• _WHAT YOU NEED TO DO_:
Reproduce every entry exactly as given.

• _DATA TO USE_:
=== Section Start ===

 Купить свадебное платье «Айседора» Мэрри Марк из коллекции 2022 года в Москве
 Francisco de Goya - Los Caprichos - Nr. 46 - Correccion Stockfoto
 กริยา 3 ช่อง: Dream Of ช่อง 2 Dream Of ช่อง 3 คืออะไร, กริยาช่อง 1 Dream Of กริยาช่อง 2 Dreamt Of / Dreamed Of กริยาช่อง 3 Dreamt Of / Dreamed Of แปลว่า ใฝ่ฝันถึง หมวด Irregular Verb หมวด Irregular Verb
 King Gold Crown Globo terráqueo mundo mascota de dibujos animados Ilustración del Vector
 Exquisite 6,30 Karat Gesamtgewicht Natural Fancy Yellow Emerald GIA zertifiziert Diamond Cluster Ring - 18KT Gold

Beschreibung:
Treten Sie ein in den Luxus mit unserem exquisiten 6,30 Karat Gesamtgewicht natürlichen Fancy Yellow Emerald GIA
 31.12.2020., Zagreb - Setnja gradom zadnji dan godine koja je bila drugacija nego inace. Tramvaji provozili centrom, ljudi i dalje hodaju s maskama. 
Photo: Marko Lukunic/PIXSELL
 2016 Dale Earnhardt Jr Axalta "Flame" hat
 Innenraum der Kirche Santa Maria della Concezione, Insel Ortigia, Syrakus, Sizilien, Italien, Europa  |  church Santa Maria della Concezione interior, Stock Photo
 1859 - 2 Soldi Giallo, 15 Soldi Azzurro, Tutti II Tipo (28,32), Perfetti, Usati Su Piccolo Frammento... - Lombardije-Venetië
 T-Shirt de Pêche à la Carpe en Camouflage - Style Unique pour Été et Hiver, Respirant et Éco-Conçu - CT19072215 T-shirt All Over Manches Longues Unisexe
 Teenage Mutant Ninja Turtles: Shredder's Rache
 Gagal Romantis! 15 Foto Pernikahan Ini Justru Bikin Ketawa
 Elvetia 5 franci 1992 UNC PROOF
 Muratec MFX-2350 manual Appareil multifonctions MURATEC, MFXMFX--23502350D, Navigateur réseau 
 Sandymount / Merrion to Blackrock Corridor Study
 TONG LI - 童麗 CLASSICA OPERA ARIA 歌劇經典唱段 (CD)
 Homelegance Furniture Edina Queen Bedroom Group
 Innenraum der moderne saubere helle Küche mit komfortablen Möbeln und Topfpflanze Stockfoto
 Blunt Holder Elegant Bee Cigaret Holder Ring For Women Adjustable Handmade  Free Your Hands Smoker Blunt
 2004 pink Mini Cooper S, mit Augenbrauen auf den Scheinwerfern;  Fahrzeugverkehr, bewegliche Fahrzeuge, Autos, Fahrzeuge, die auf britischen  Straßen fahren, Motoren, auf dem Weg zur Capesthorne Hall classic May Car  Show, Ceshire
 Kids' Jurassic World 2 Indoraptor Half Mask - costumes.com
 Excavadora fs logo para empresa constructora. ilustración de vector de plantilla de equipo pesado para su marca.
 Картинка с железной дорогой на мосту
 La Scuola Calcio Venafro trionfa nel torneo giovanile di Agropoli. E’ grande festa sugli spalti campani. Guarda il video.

=== Section End ===

• _RESPONSE AREA_:
 Купить свадебное платье «Айседора» Мэрри Марк из коллекции 2022 года в Москве
 Francisco de Goya - Los Caprichos - Nr. 46 - Correccion Stockfoto
 กริยา 3 ช่อง: Dream Of ช่อง 2 Dream Of ช่อง 3 คืออะไร, กริยาช่อง 1 Dream Of กริยาช่อง 2 Dreamt Of / Dreamed Of กริยาช่อง 3 Dreamt Of / Dreamed Of แปลว่า ใฝ่ฝันถึง หมวด Irregular Verb หมวด Irregular Verb
 King Gold Crown Globo terráqueo mundo mascota de dibujos animados Ilustración del Vector
 Exquisite 6,30 Karat Gesamtgewicht Natural Fancy Yellow Emerald GIA zertifiziert Diamond Cluster Ring - 18KT Gold

Beschreibung:
Treten Sie ein in den Luxus mit unserem exquisiten 6,30 Karat Gesamtgewicht natürlichen Fancy Yellow Emerald GIA
 31.12.2020., Zagreb - Setnja gradom zadnji dan godine koja je bila drugacija nego inace. Tramvaji provozili centrom, ljudi i dalje hodaju s maskama. 
Photo: Marko Lukunic/PIXSELL
 2016 Dale Earnhardt Jr Axalta "Flame" hat
 Innenraum der Kirche Santa Maria della Concezione, Insel Ortigia, Syrakus, Sizilien, Italien, Europa  |  church Santa Maria della Concezione interior, Stock Photo
 1859 - 2 Soldi Giallo, 15 Soldi Azzurro, Tutti II Tipo (28,32), Perfetti, Usati Su Piccolo Frammento... - Lombardije-Venetië
 T-Shirt de Pêche à la Carpe en Camouflage - Style Unique pour Été et Hiver, Respirant et Éco-Conçu - CT19072215 T-shirt All Over Manches Longues Unisexe
 Teenage Mutant Ninja Turtles: Shredder's Rache
 Gagal Romantis! 15 Foto Pernikahan Ini Justru Bikin Ketawa
 Elvetia 5 franci 1992 UNC PROOF
 Muratec MFX-2350 manual Appareil multifonctions MURATEC, MFXMFX--23502350D, Navigateur réseau 
 Sandymount / Merrion to Blackrock Corridor Study
 TONG LI - 童麗 CLASSICA OPERA ARIA 歌劇經典唱段 (CD)
 Homelegance Furniture Edina Queen Bedroom Group
 Innenraum der moderne saubere helle Küche mit komfortablen Möbeln und Topfpflanze Stockfoto
 Blunt Holder Elegant Bee Cigaret Holder Ring For Women Adjustable Handmade  Free Your Hands Smoker Blunt
 2004 pink Mini Cooper S, mit Augenbrauen auf den Scheinwerfern;  Fahrzeugverkehr, bewegliche Fahrzeuge, Autos, Fahrzeuge, die auf britischen  Straßen fahren, Motoren, auf dem Weg zur Capesthorne Hall classic May Car  Show, Ceshire
 Kids' Jurassic World 2 Indoraptor Half Mask - costumes.com
 Excavadora fs logo para empresa constructora. ilustración de vector de plantilla de equipo pesado para su marca.
 Картинка с железной дорогой на мосту
 La Scuola Calcio Venafro trionfa nel torneo giovanile di Agropoli. E’ grande festa sugli spalti campani. Guarda il video.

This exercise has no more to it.